Developers spend a lot of time reading and understanding code, actually much more than writing code. Readability and understandability of code are very valuable quality attributes, because it impacts development speed and therefore development cost. Understandability can be improved a lot by just naming things properly.

“Indeed, the ratio of time spent reading versus writing is well over 10 to 1. We are constantly reading old code as part of the effort to write new code. …[Therefore,] making it easy to read makes it easier to write.”

— Robert C. Martin, Clean Code: A Handbook of Agile Software Craftsmanship

In my current legacy project I was looking at some classes and found a small but surprisingly very ambiguous class, that I’ve first used as an internal explanation to highlight the problem and raise awareness of the problem.

Example Case

The class name:

class IsoUelnFeiCodeService

Do you have any idea what this class is doing by its name? Probably not.

So just in case you didn’t guess what this means: The class name is just a concatenation of abbreviated, horse domain specific identifiers. – What are you going to do if we need to add yet another identifier? Should we rename the class?

And what makes it a service? There has always been and still is a tendency to call everything a service or manager Everything manages or does something, don’t tell the obvious, tell what it does!

It also has ambiguous method names, here is just one of them:

getIso3166Numeric(string $numeric): ?array

Just by the signature of the method, lacking any documentation of its behavior, what would you expect it to do? Why do you have to input something “numeric” when the method, assuming by its name, gets you something numeric back? But why does it return an array instead?

The underlying implementation actually returns the following. Luckily somebody put this information at least in the doc-block.

/**
 * array{name: string, alpha2: string, alpha3: string, numeric: numeric-string, currency: string[]}
 */

So it actually returns a set of three, strictly speaking four, different types of data for a country:

  • Country name
  • Country IDs:
  • Alphanumeric
  • Numeric
  • Its currency

Because it doesn’t return one clear type of data we can’t really give it a clear name, except we would break it completely up. The implementation is using a 3rd party library that returns this structure and just returns its array. Resolving this was not pragmatic at the time of refactoring this, therefore “data” is probably a sufficient name or part of the name for it.

Refactoring it

The way the method is used in the code actually covers two cases that are not obvious.

  • It is used for validation, which is a different purpose.
  • It is used to get the 2 and 3 character country code.

And what is actually ISO3166? Without looking it up or remembering it, it is not possible to tell what this means.

The method was therefore, renamed to

getCountryDataFromNumeric(string $numeric): ?array

and another method

isValidNumericCountryCode(string $numeric): bool

was introduced.

The following section of code was part of the method isISO() and you probably will agree that it is kind of hard to understand quickly what is going on here and what the intention behind the code is.

$startOk = ctype_alnum($start) || 'DE ' == $start;
$end = substr($code, 3);
$endOk = ctype_alnum($end) && 12 == strlen($end);
$deOk = ('3' == substr($code, 3, 1) || '4' == substr($code, 3, 1)) || ('DE ' != $start);
$countryCode = 'DE ' == $start ? 'DEU' : $start;
$countryOk = null != self::getIso3166Aplpa3($countryCode);

This was refactored to this and introduced small, but meaningful methods. You should be able to read in fluent English what exactly is validated here now.

return self::hasValidStart($start)
    && self::hasValidEnd($end)
    && self::isGerman($code)
    && self::isValidCountry($countryCode);

The single responsibility principle does not only improve the technical quality of the code but also makes it better to understand. Some might argue that this is over-engineered, which might be true, but this argument doesn’t consider the importance of readability and understanding the code.

The class was not renamed at the time of writing this for good reasons, but it will be renamed to HorseIdentifierHelper. For the time being it will be the ambiguous “Helper”, because it deals with two concerns: Validation and conversion, which should be split as well (Single Responsibility principle from the SOLID principles), but might not always be very pragmatic in this case.

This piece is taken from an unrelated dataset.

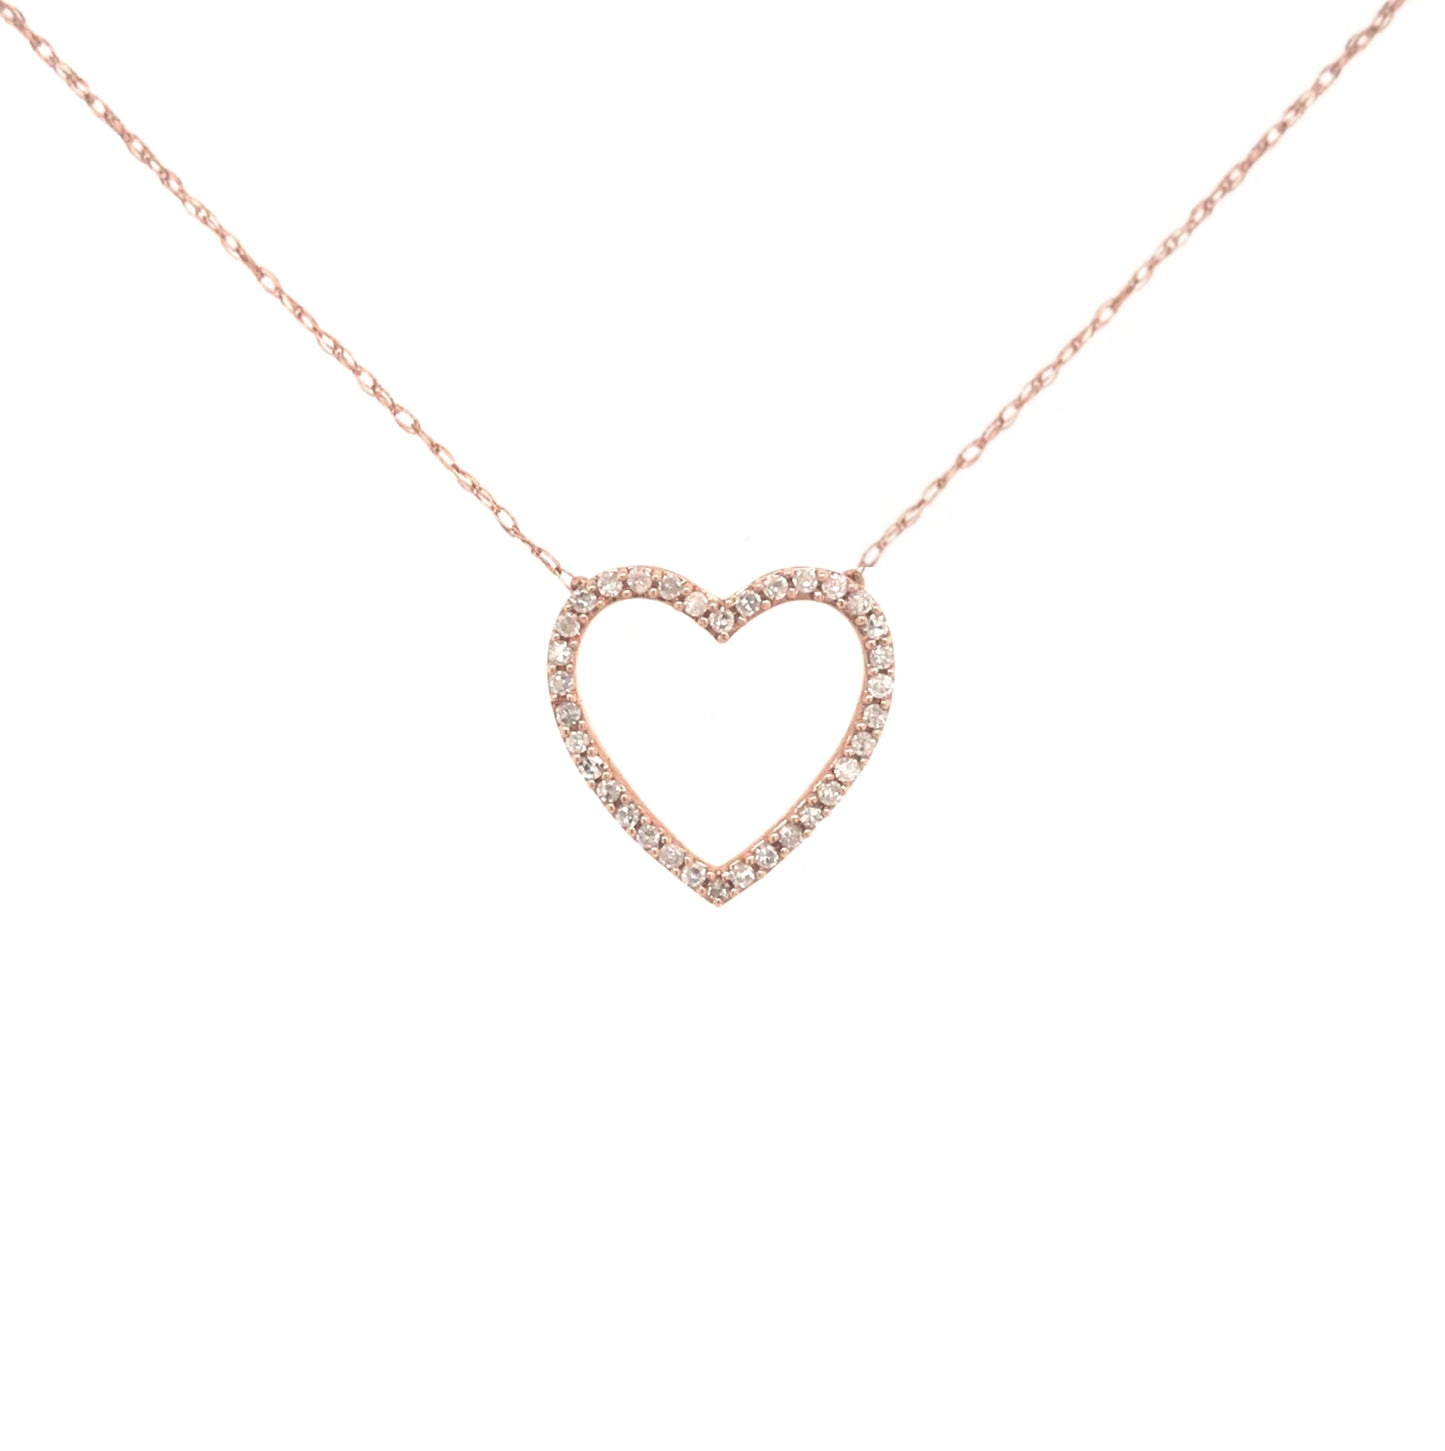 10K Rose Gold And Diamond Heart Necklace - HK Jewels

The ultimate goal should be to have a HorseIdentifierValidator and a HorseIdentifierConversion class, using the validator, would improve the understandability greatly.

Conclusion: Name your things properly

If you encounter strange names don’t hesitate to change them. Refactoring naming is easy using today’s powerful IDEs as long as the locality of connascence is within the same system and does not go beyond the system’s boundaries of the application by being exposed to external services.

“You know you are working on clean code when each routine you read turns out to be pretty much what you expected. You can call it beautiful code when the code also makes it look like the language was made for the problem.”

— Ward Cunningham

There is no excuse not to fix naming when you encounter bad naming!